■ TASK DESCRIPTION ■
Nothing but the text belongs in the answer: the listing below, copied exactly, without pictures.

■ THE DATA ■
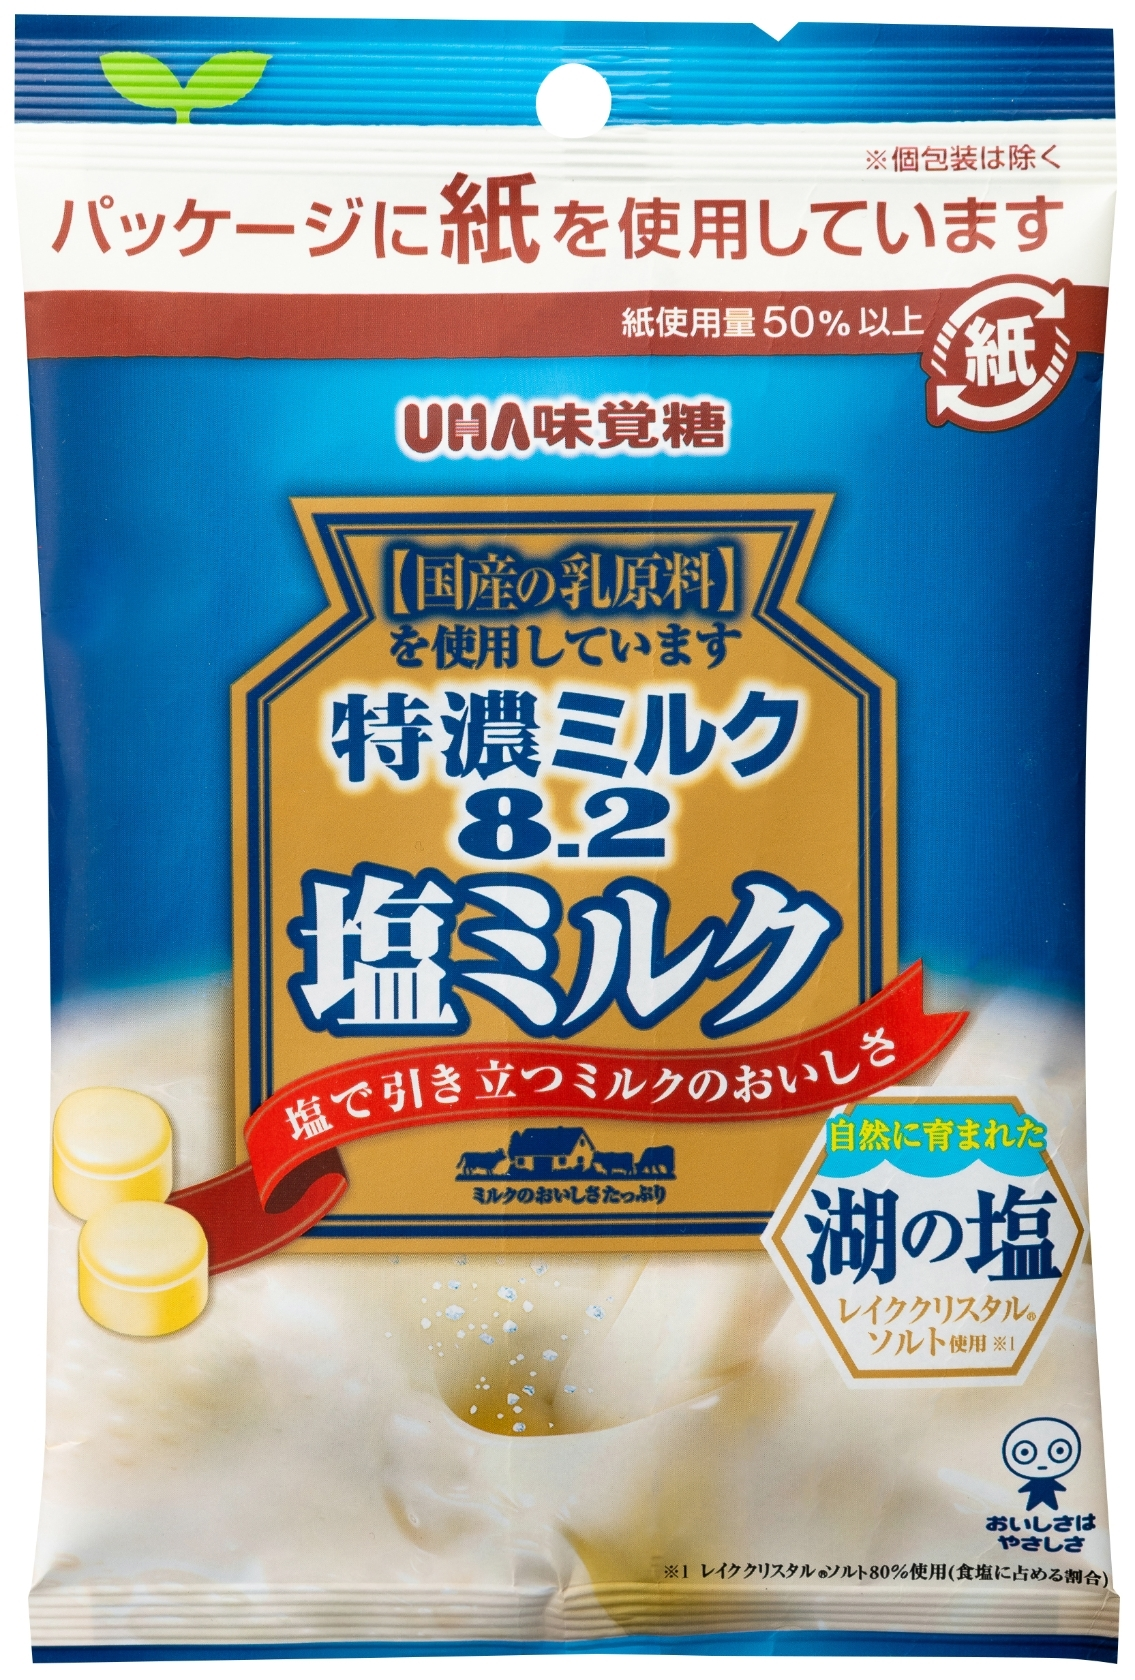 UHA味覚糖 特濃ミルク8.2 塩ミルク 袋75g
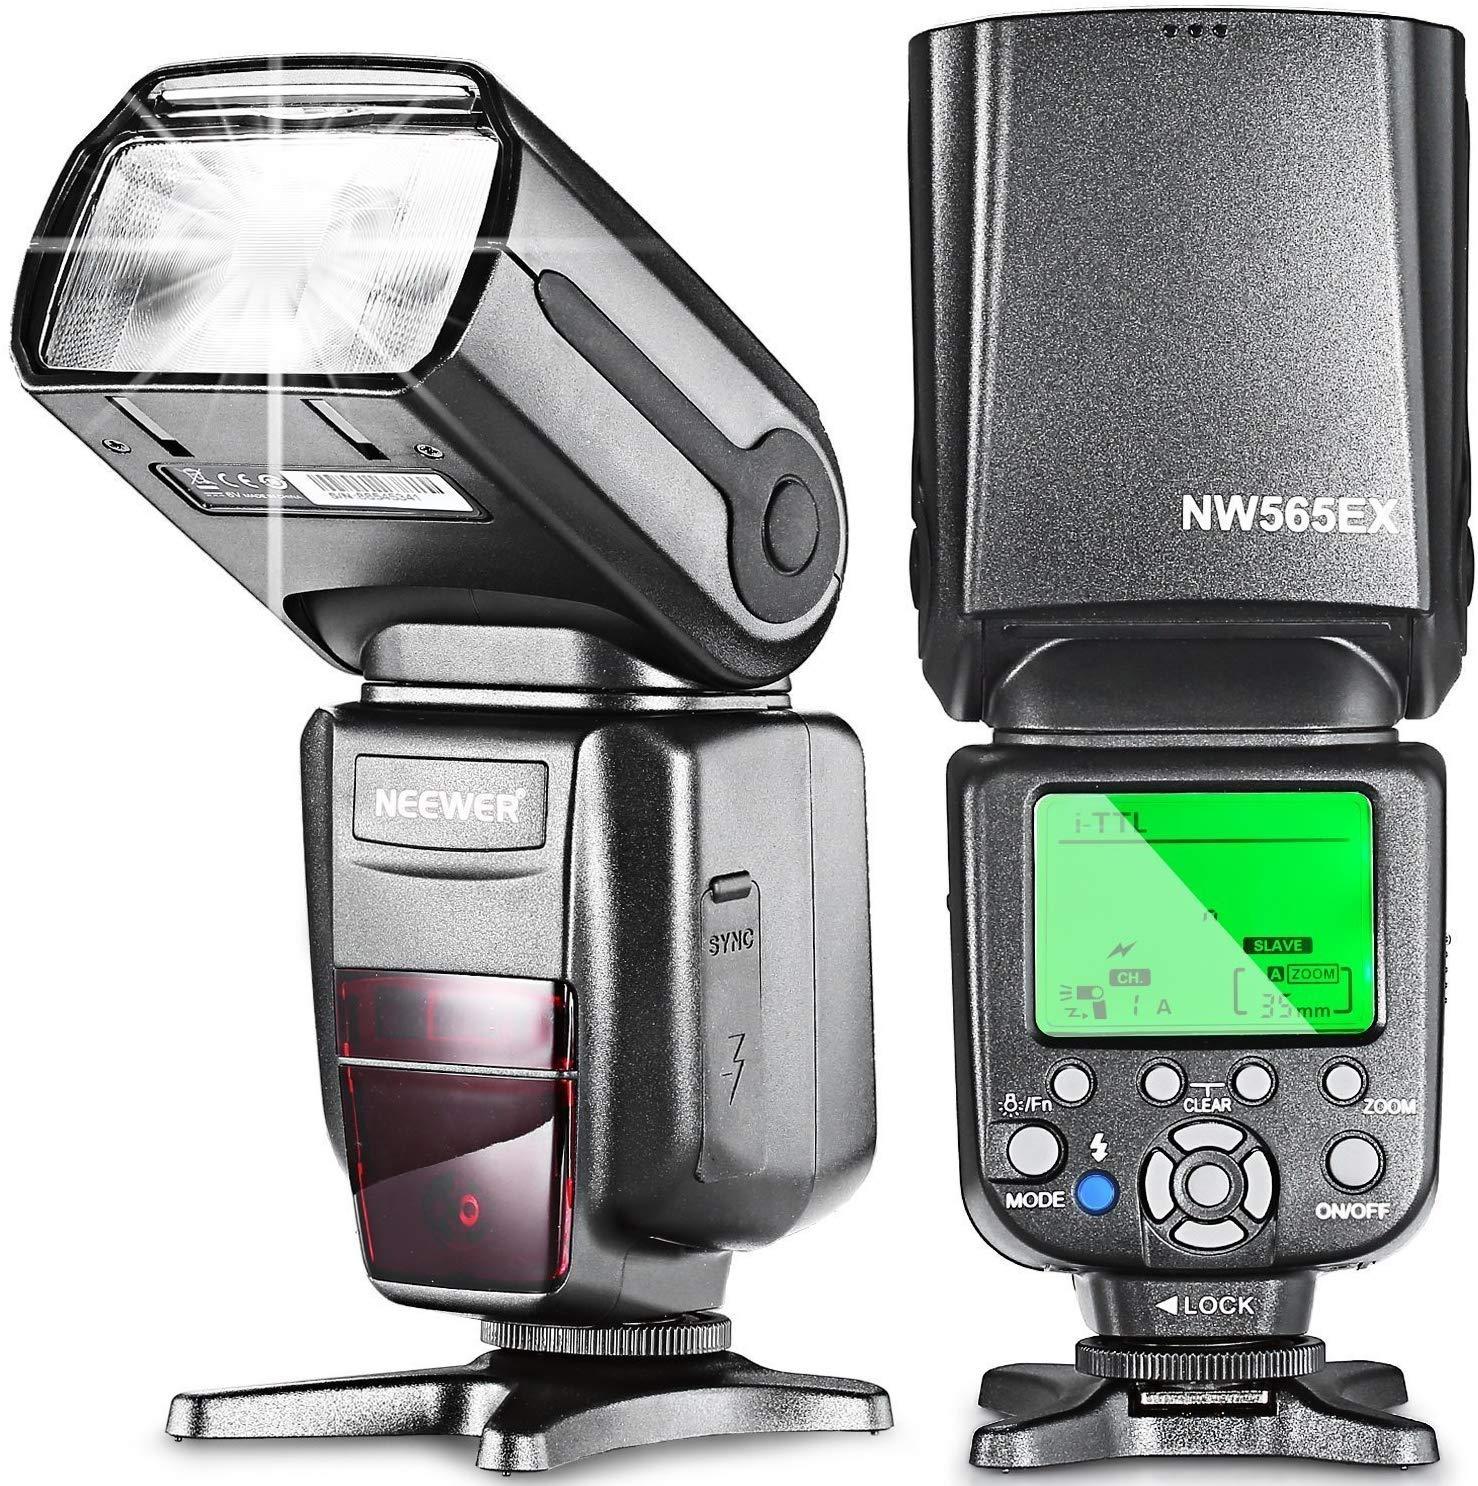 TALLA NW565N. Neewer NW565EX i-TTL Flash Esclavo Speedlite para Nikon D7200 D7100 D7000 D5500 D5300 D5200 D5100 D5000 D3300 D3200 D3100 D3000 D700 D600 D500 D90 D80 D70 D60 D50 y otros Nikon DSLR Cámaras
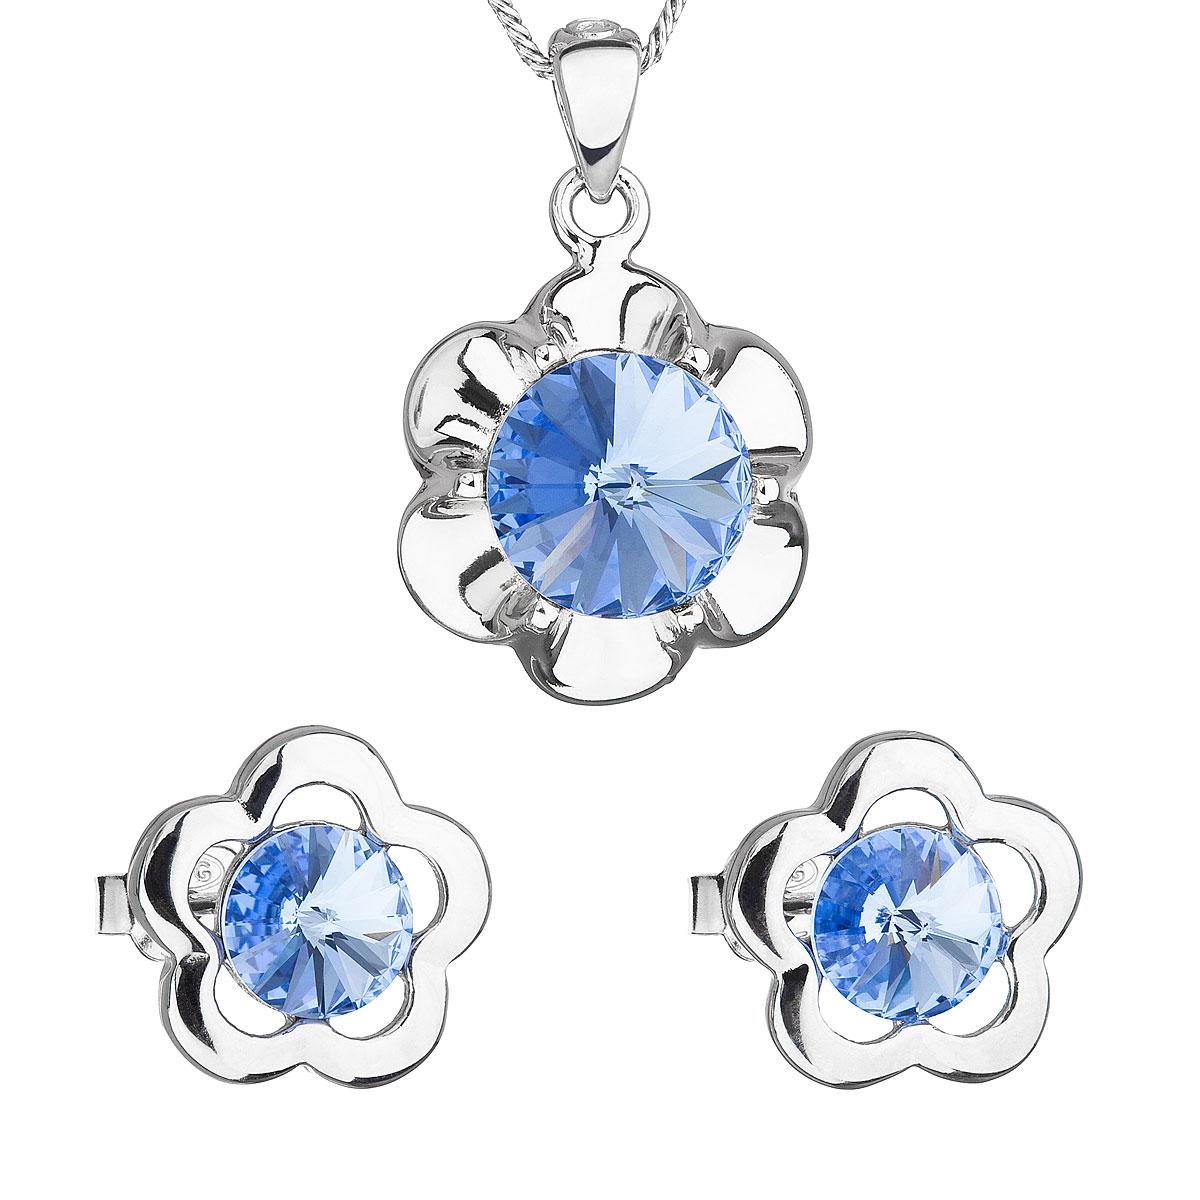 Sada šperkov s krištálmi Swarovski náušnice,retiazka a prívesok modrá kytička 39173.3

■ RESULT OF THE EXERCISE ■
 UHA味覚糖 特濃ミルク8.2 塩ミルク 袋75g
 TALLA NW565N. Neewer NW565EX i-TTL Flash Esclavo Speedlite para Nikon D7200 D7100 D7000 D5500 D5300 D5200 D5100 D5000 D3300 D3200 D3100 D3000 D700 D600 D500 D90 D80 D70 D60 D50 y otros Nikon DSLR Cámaras
 Sada šperkov s krištálmi Swarovski náušnice,retiazka a prívesok modrá kytička 39173.3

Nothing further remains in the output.